И он рывком протянул Васнецову руку для прощания, но так, точно вручая ему винтовку.
…Оставшись один, Васнецов снял телефонную трубку и позвонил в штаб округа. Ему ответили, что пока все спокойно, никаких перемен. Тогда он снял трубку телефона ВЧ и позвонил в Москву. Москва ответила: «Пока ничего нового. Руководствоваться полученными директивами. Жданов на днях возвращается в Ленинград…»
…С этой минуты не раз дежурный по горкому партии звонил оперативному дежурному ЛВО.
Но ответы были стереотипными:
– Пока тихо…
«Пока тихо!» – примерно такой же ответ получали в ту ночь операторы Генштаба, связывавшиеся со штабами округов. «Пока тихо!» – докладывали они наркому обороны и начальнику Генштаба…
И они были правы. В те самые последние часы на всей необъятной западной границе Советского Союза, от Баренцева до Черного моря, внезапно воцарилась странная, необычная тишина.
Еще днем на той стороне границы происходила какая-то лихорадочная деятельность. Гудели танковые моторы, взлетали и кружились над границей, часто пересекая ее, самолеты, с советских наблюдательных вышек можно было даже без бинокля видеть интенсивное движение военных грузовиков на приграничных дорогах.
Но в ночь на 22 июня неожиданно все стихло. Никаких подозрительных шумов не фиксировали звукоулавливатели. Тщетно прислушивались пограничники. Радиооператоры, занятые перехватами переговоров немцев, пожимали плечами в ответ на вопросительные взгляды командиров и докладывали: «Молчат. Точно все вымерло».
И это была правда. Потому что, согласно приказу немецкого верховного командования, в ночь на 22 июня, до того момента, пока будет дан сигнал, всем полевым штабам, всем выдвинутым к границам и готовым для решающего прыжка войскам предлагалось прекратить всякое движение и хранить полную тишину.
Немецкие офицеры сидели в своих палатках или в штабных автобусах, склонясь над картами. Пользование телефонами было разрешено лишь в случае крайней необходимости. Мертвая тишина стояла в эфире…
Вернувшись в штаб округа, Звягинцев уже застал там большинство сотрудников своего отдела.
В коридорах было шумно от топота сапог по каменному полу и гула голосов, как бывало всегда за несколько минут до начала рабочего дня.

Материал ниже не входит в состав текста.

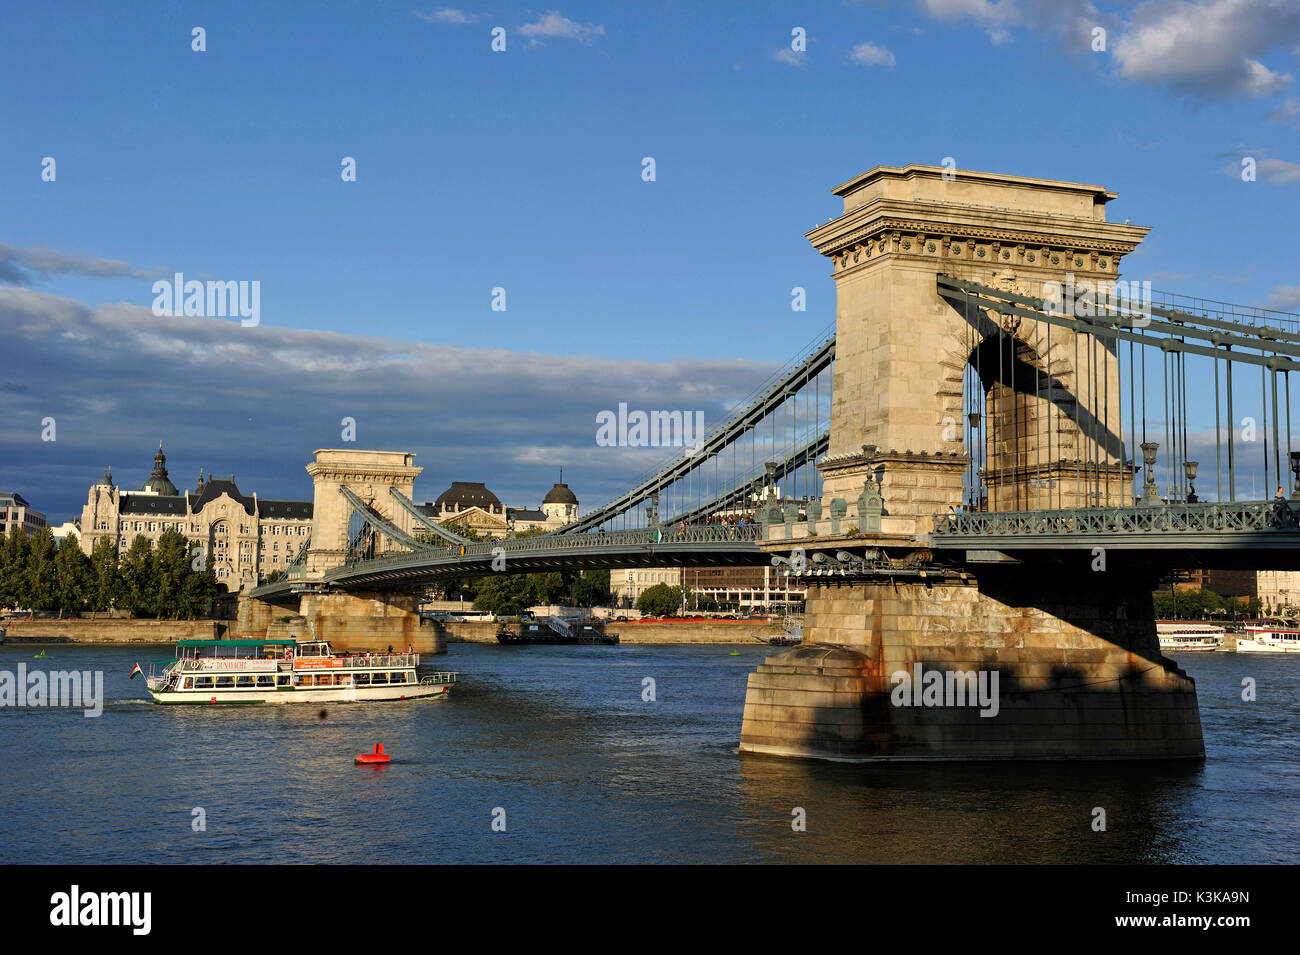 Ungarn, Budapest, die Donau, die Kettenbrücke (Szechenyi Lanchid) als Weltkulturerbe von der UNESCO und der Gresham Palast aufgeführt Stockfoto

Прибывали все новые и новые командиры. На лицах входящих были написаны и тревога и удивление. Они торопились встретиться недоуменным взглядом с теми, кто пришел раньше, чтобы узнать, понять, что, собственно, случилось.

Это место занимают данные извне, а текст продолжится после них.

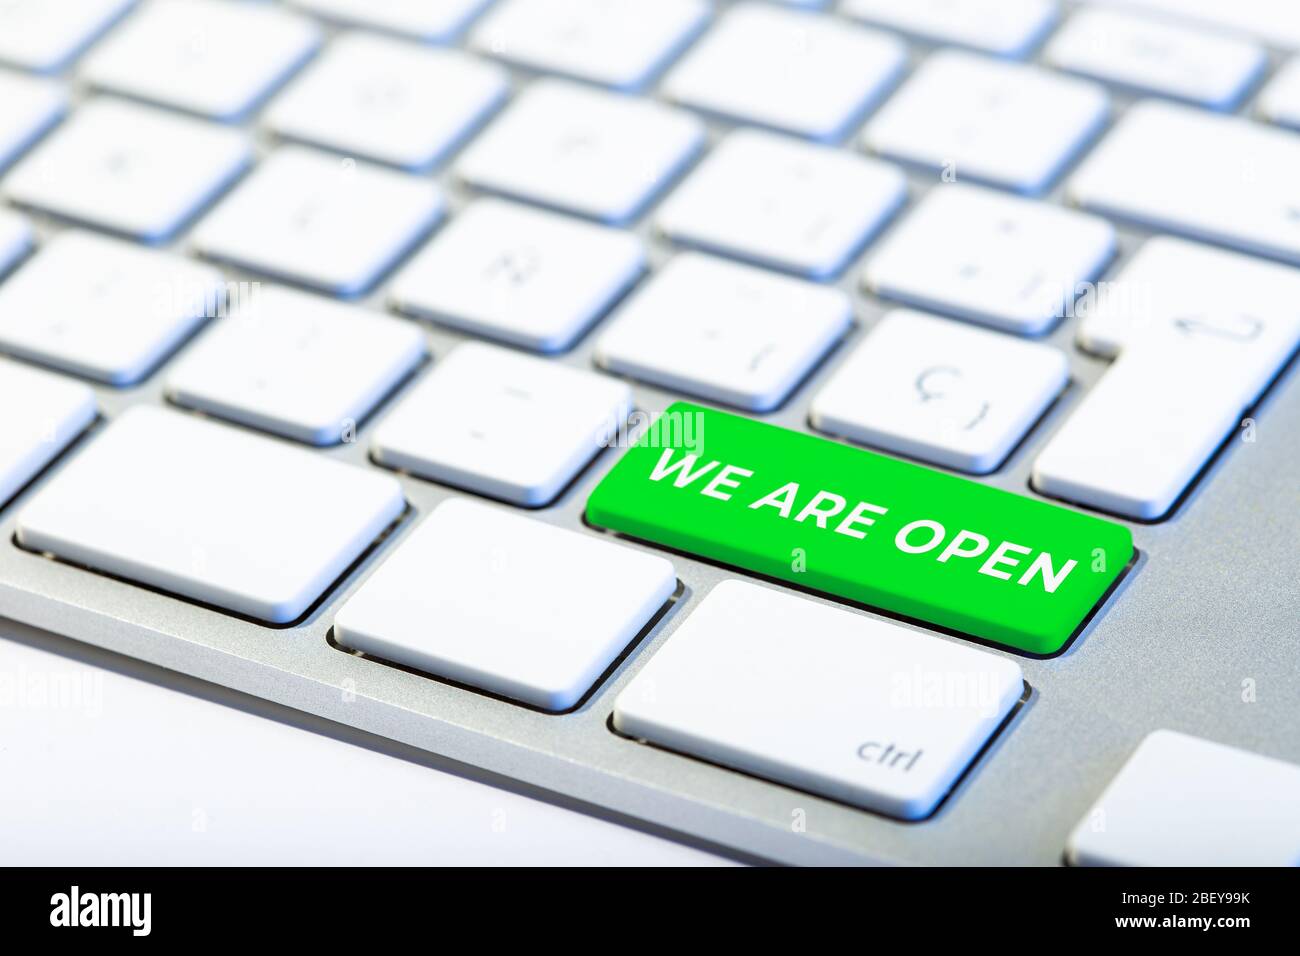 Wir sind ein offenes Konzept. Tastatur mit grüner Taste und Text Stockfoto

Но и те, ранее прибывшие, еще ничего толком не знали. В ответ на вопросительные взгляды товарищей по службе они лишь разводили руками.
Не заходя в свое управление, Звягинцев, как ему и было приказано по телефону, направился к начальнику штаба.
Обычно подтянутый, даже элегантный генерал, которого Звягинцев не видел несколько недель, произвел на этот раз на него странное впечатление.
При свете настольной лампы была хорошо видна щетинка на его несколько одутловатом лице, китель выглядел помятым, точно генералу довелось спать в нем не раздеваясь. Он сидел за письменным столом под портретами Сталина, Ворошилова и Тимошенко, погрузившись в чтение каких-то бумаг, на мгновение приподнял голову, когда Звягинцев стал докладывать о своем прибытии, и снова погрузился в чтение.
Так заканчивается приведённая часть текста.